**Your task**
Given the entries below, would you transcribe exactly the lines starting at the one with "mrt نقشہ میں ملائیشیا" and ending at the one with "Создали дизайн календаря", both kept, pictures omitted, nothing extra?

**Exercise materials**
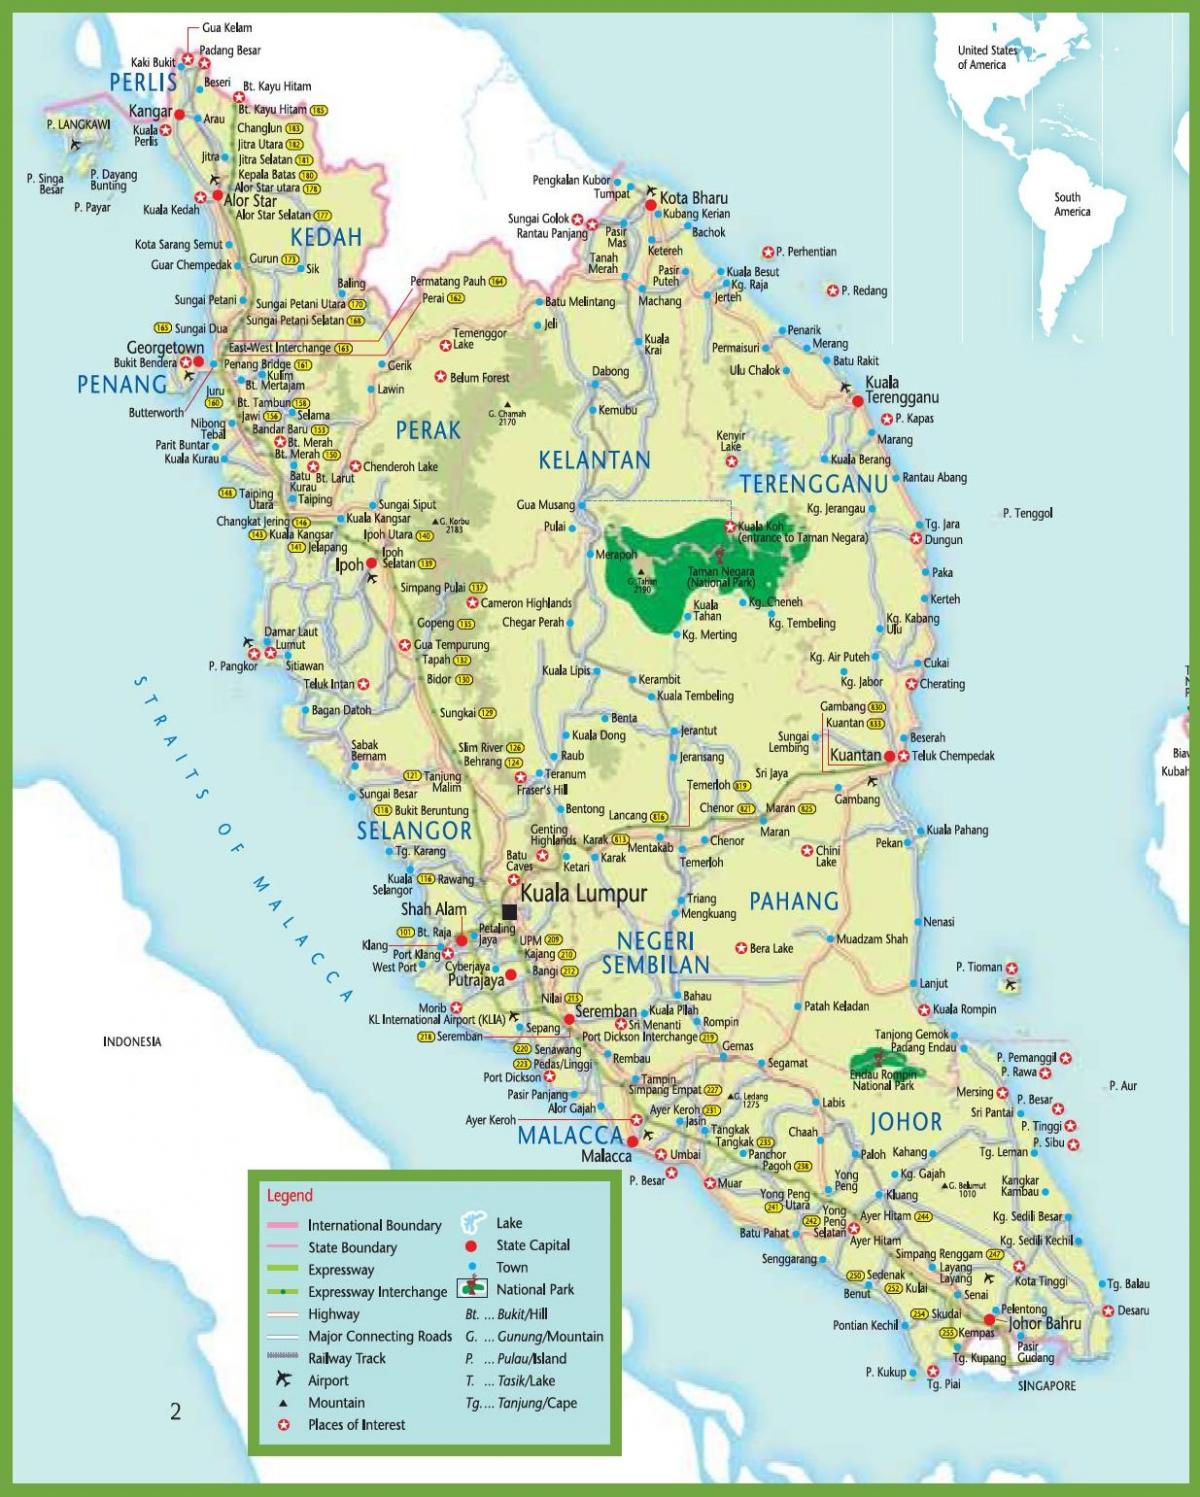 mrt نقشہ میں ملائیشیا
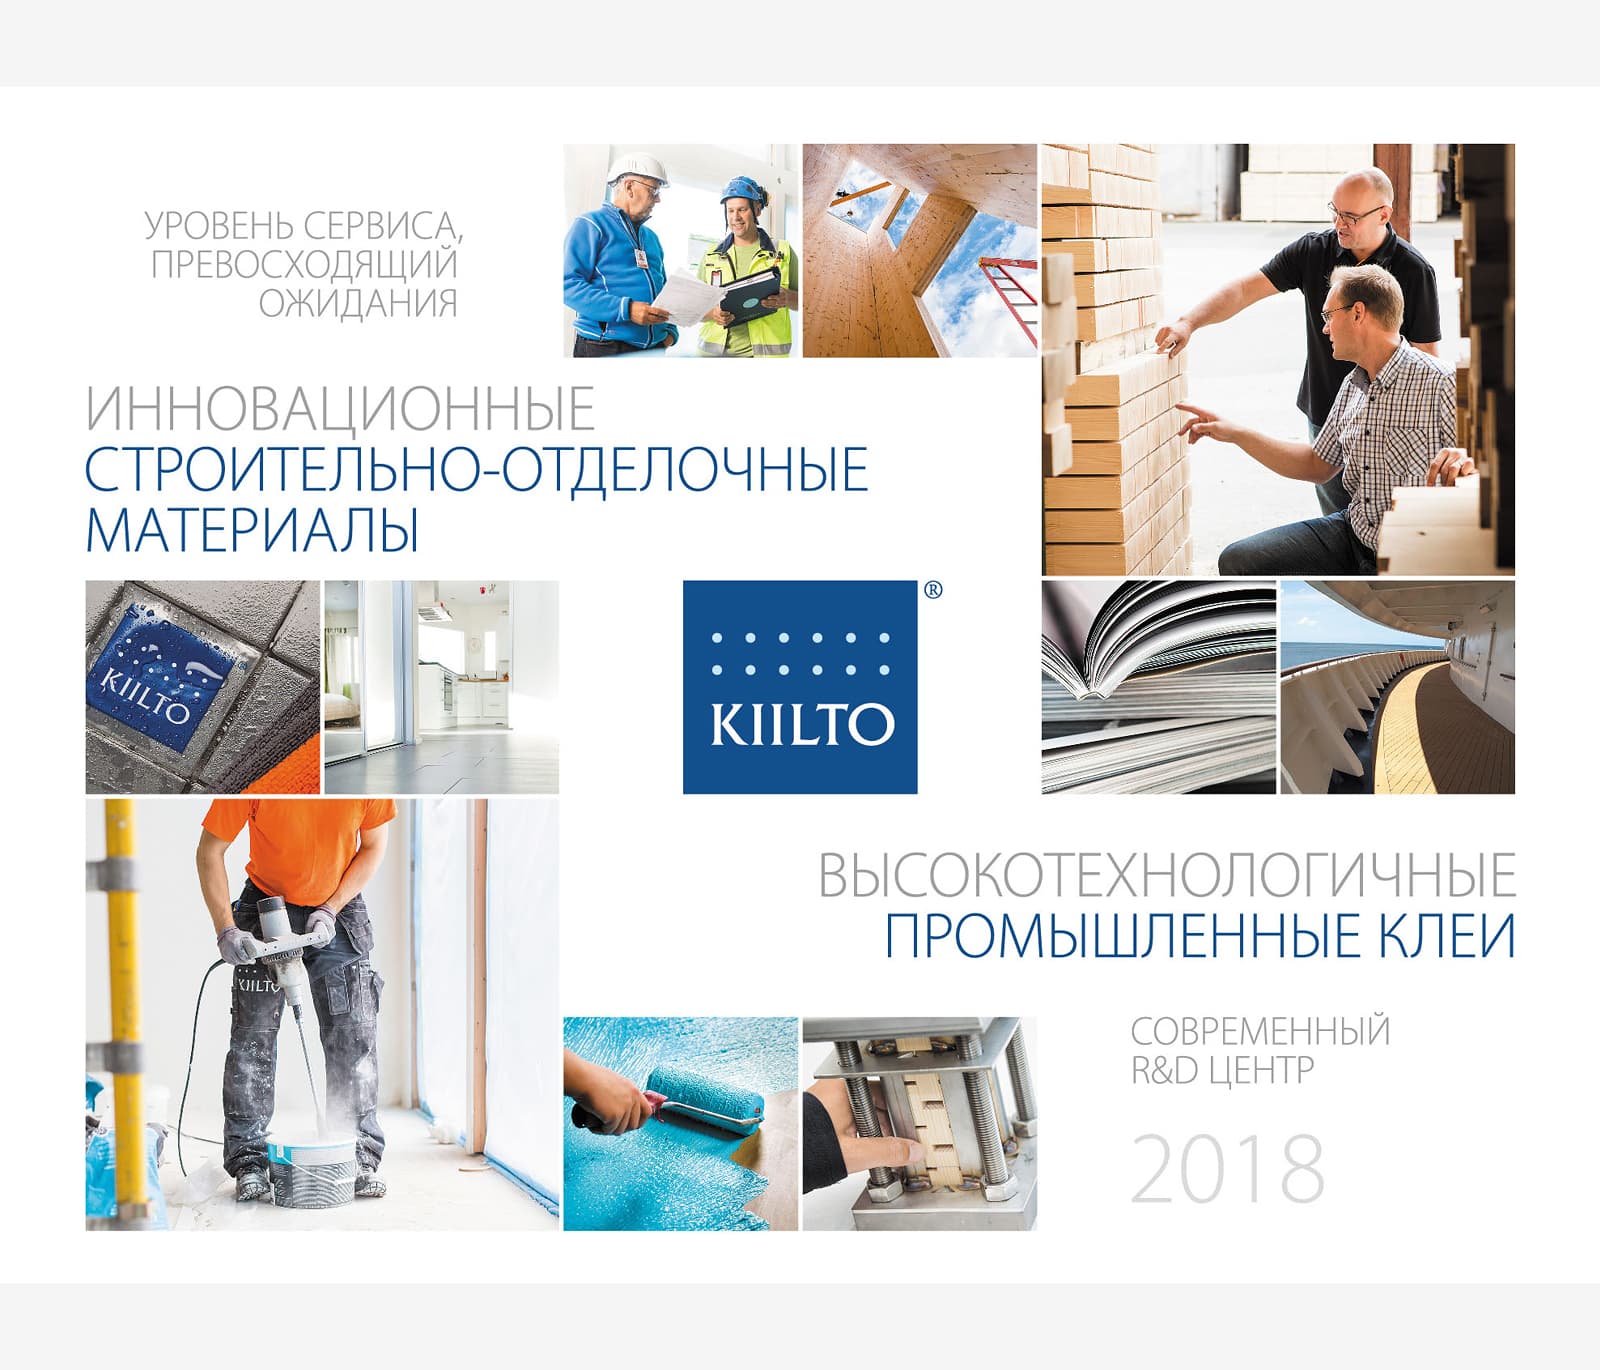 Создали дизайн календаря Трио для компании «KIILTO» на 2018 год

--

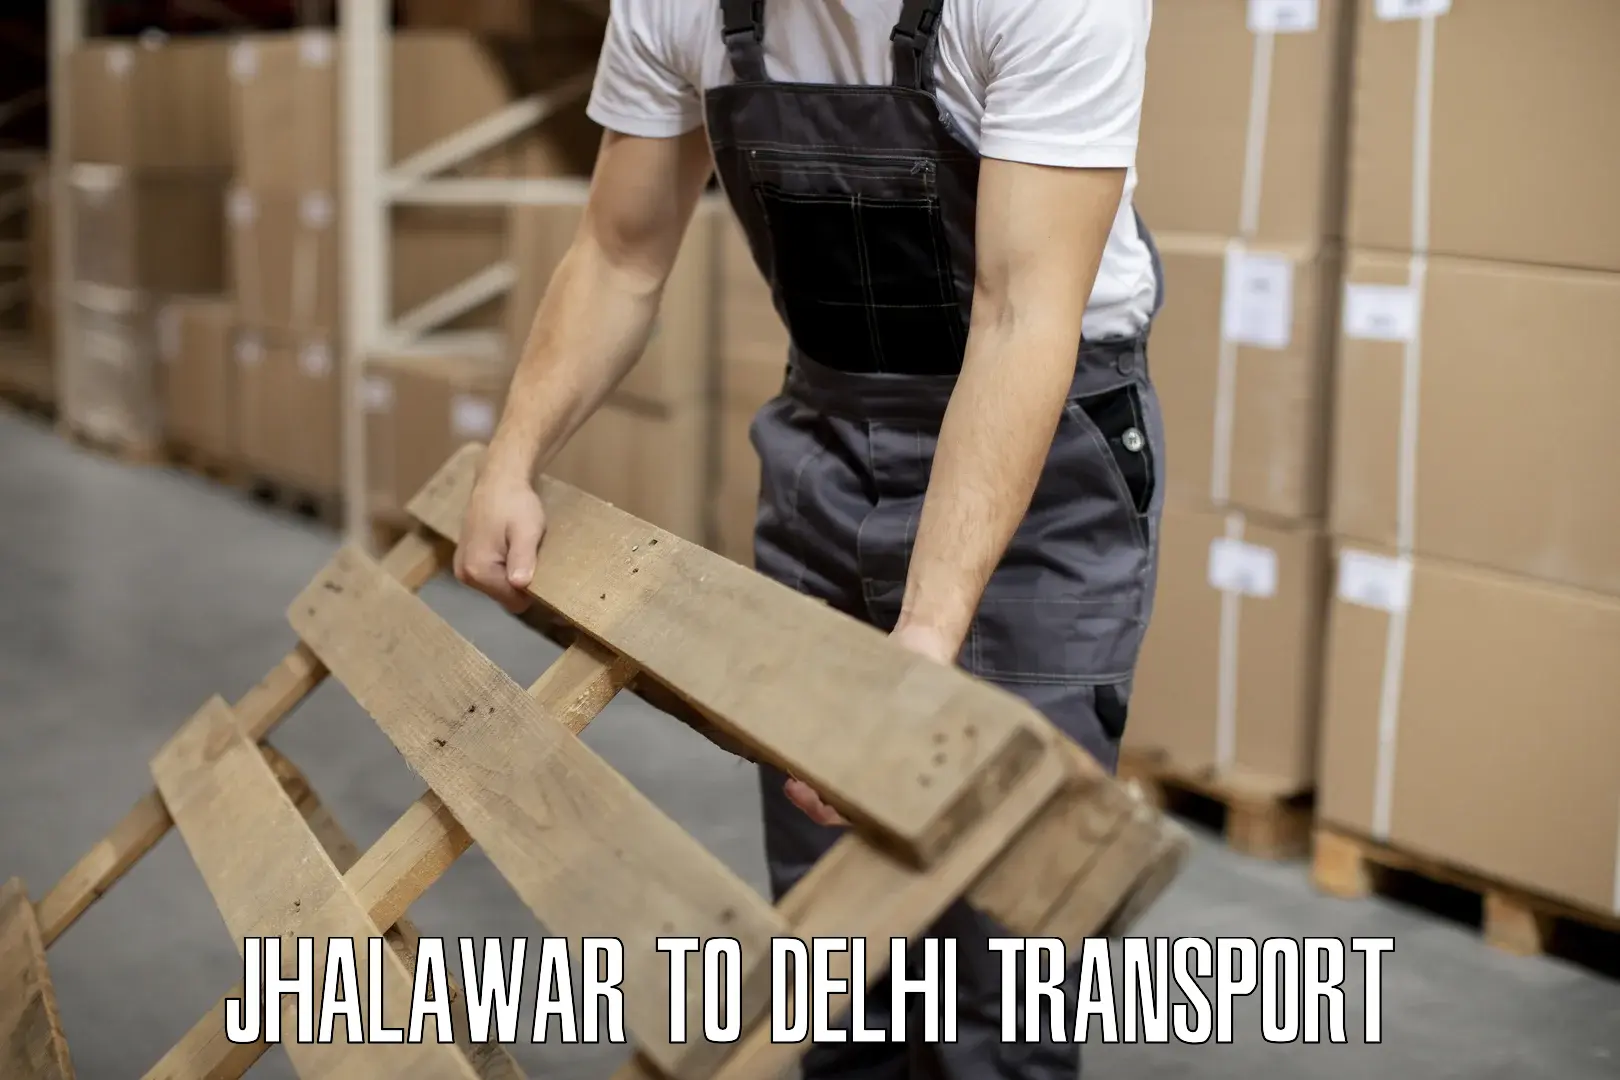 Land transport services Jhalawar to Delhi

==

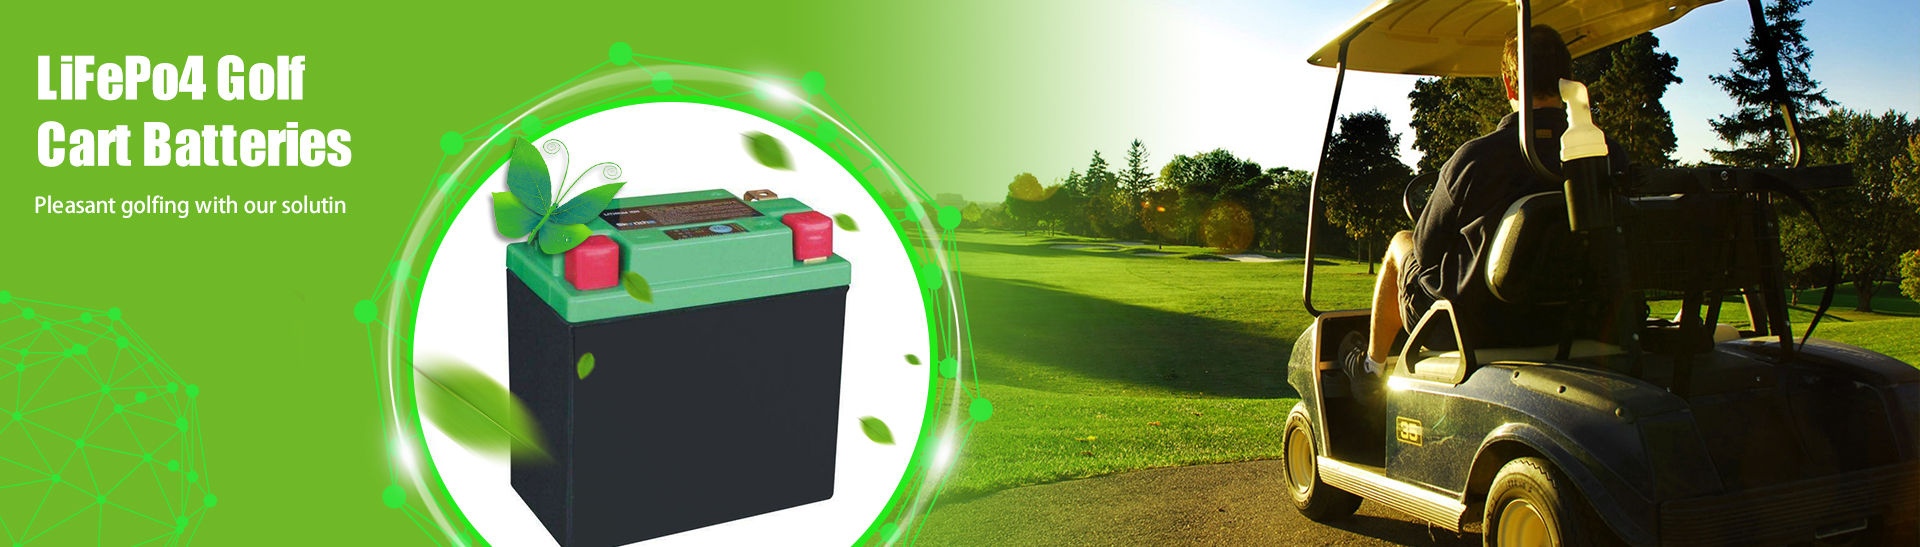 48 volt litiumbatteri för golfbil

**Reply to the exercise**
 mrt نقشہ میں ملائیشیا
 Создали дизайн календаря Трио для компании «KIILTO» на 2018 год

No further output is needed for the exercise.